Early 1970s movie mutates into ninja and samurai VHS release
It starts with the most "who cares?" plot in the history of martial arts movies. A fighter has stolen another man's fiancée and a hero appears to make it all right. Thankfully, we quickly move on to something about everybody wanting revenge and a book. A girl is out for revenge and our hero wants that book. He returns in a scene where he uses his chiropractor skills to heal an injured street performer. The girl, a monk, and another guy join forces to get hero Tiger. He is able to fight them off and deliver a baby at the same time.
I have been watching every martial arts movie ever made in chronological order from 1967 to today. Just a few minutes into this movie I had a very hard time believing the movie was made in 1971 in Taiwan. It opens with all the cheese of any Alexander Lo Rei movie from 1984. The only thing missing are the gold lame suits. The Ocean Shores label displays a 1986 copyright but that is when the original movie was dubbed in English and transferred to VHS. HKMDB has 2/25/1971 as the date of theatrical run. Taiwan produced some of the worst movies ever to have "ninja" or "samurai" in the title (the VHS title that is) and that was in the early 1980s not the early 1970s.
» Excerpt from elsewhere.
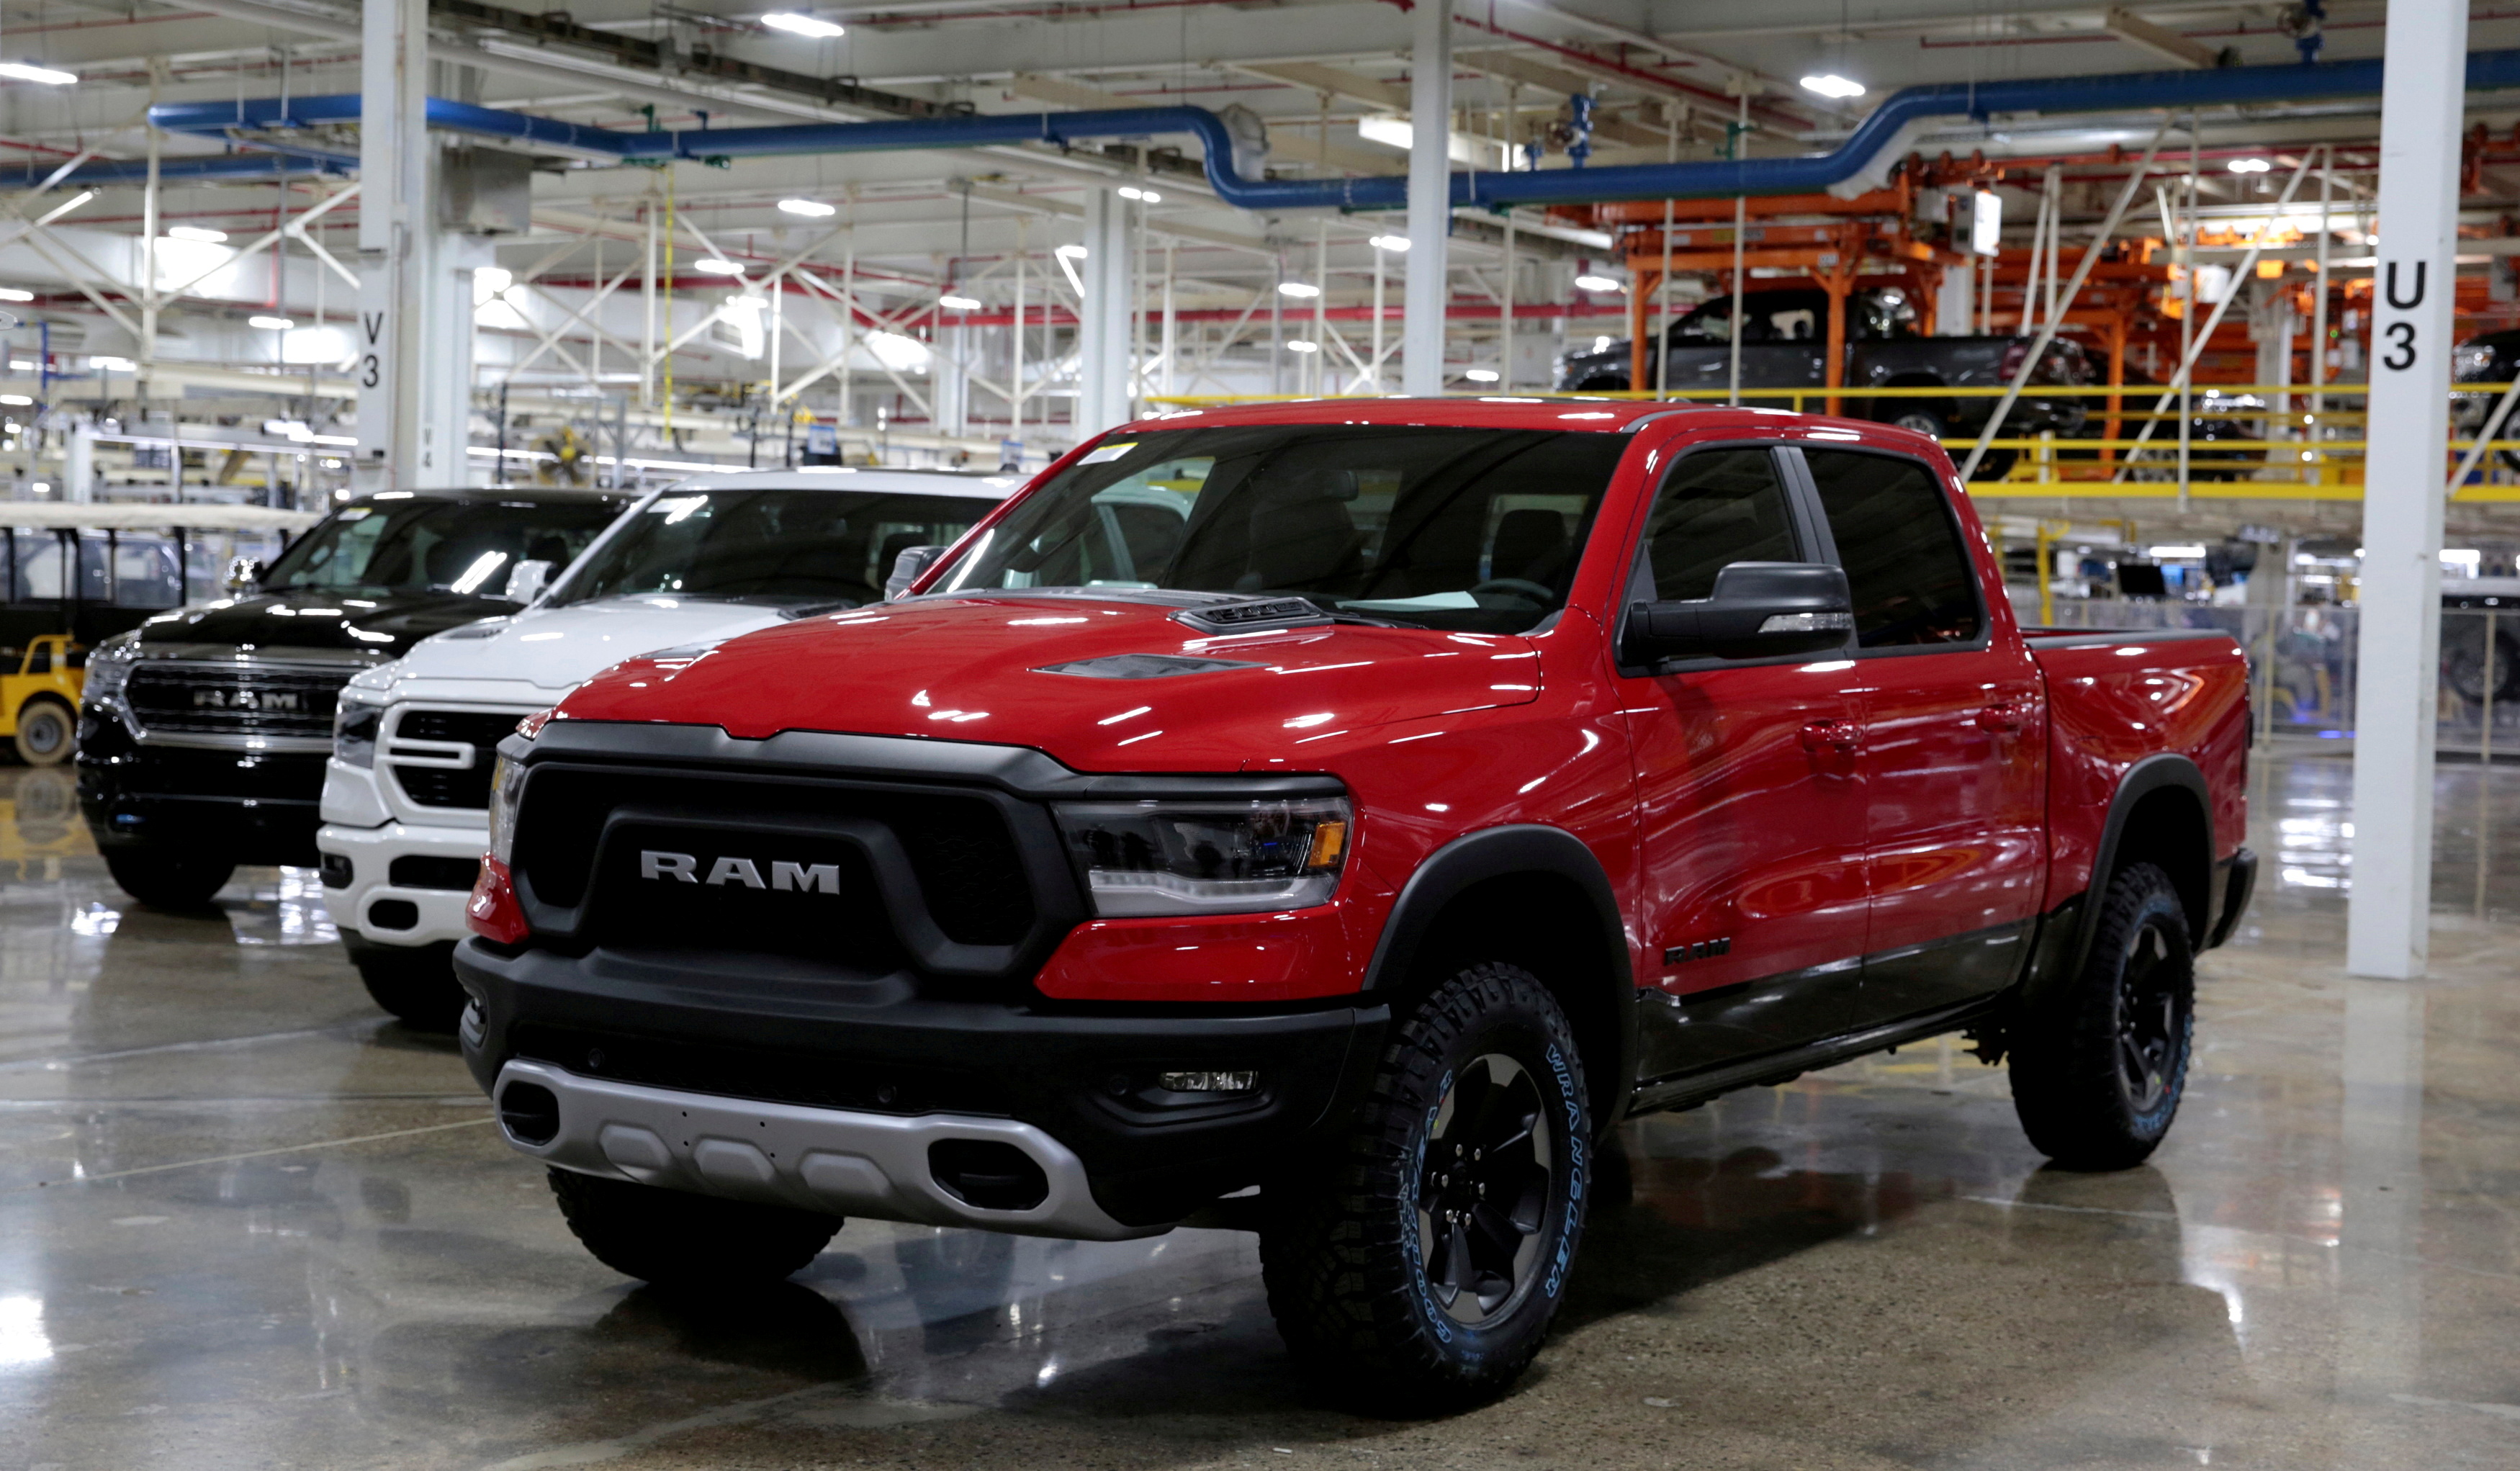 2019 Ram pickup trucks are on display at the Fiat Chrysler Automobiles (FCA) Sterling Heights Assembly Plant in Sterling Heights, Michigan, U.S., October 22, 2018. The former Fiat Chrysler is now Stellantis. REUTERS/Rebecca Cook

I think this movie is a great example of how dubbing and background music can change the entire movie. The background music is typical of the late 1970s movies with John Liu. I am sure the words "samurai" and "ninja" never were spoken in the original film. The acting is never more than a look of surprise. The fight choreography is "a sword swings" then an abrupt cut to stunt men flying off in every direction. There is plenty of wire work and little effort was spent to hide the wires.
The movie is only suitable viewing for the most hard core fan. As a hard core fan I watched it once and I am sure I will never watch it again. I cannot recommend it and rate it below average.